PROVIDED DATA Start Marker
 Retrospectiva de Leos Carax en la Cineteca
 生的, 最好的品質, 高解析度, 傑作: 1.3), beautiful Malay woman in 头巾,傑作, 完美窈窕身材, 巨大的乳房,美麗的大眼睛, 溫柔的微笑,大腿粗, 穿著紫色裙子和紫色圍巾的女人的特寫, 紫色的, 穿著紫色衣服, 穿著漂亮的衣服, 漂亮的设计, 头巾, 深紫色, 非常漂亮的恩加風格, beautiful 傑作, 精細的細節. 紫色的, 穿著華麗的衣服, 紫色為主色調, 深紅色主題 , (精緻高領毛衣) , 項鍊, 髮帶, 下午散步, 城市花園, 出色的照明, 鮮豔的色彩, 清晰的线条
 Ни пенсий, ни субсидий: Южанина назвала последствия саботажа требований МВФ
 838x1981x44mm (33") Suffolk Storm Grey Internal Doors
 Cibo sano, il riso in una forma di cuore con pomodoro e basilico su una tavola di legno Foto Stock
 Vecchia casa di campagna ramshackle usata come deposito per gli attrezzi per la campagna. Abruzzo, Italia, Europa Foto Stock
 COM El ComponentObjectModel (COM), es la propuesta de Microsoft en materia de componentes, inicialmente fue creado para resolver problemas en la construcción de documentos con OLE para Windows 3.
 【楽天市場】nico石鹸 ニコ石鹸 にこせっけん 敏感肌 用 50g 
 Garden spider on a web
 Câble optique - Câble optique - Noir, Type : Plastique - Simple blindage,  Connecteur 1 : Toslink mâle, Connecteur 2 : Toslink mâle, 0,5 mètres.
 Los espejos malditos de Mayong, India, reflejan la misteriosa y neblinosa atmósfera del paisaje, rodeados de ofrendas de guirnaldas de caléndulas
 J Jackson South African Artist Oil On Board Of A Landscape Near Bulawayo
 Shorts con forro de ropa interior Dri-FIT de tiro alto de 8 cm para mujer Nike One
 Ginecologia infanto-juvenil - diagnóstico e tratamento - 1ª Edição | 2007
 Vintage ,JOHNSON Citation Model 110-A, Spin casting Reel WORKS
PROVIDED DATA End Marker
WORK TO BE COMPLETED
In the answer, include exactly the lines from the line containing "COM El ComponentObjectModel" through the end of the data, and nothing else.

REPLY TO THE EXERCISE
 COM El ComponentObjectModel (COM), es la propuesta de Microsoft en materia de componentes, inicialmente fue creado para resolver problemas en la construcción de documentos con OLE para Windows 3.
 【楽天市場】nico石鹸 ニコ石鹸 にこせっけん 敏感肌 用 50g 
 Garden spider on a web
 Câble optique - Câble optique - Noir, Type : Plastique - Simple blindage,  Connecteur 1 : Toslink mâle, Connecteur 2 : Toslink mâle, 0,5 mètres.
 Los espejos malditos de Mayong, India, reflejan la misteriosa y neblinosa atmósfera del paisaje, rodeados de ofrendas de guirnaldas de caléndulas
 J Jackson South African Artist Oil On Board Of A Landscape Near Bulawayo
 Shorts con forro de ropa interior Dri-FIT de tiro alto de 8 cm para mujer Nike One
 Ginecologia infanto-juvenil - diagnóstico e tratamento - 1ª Edição | 2007
 Vintage ,JOHNSON Citation Model 110-A, Spin casting Reel WORKS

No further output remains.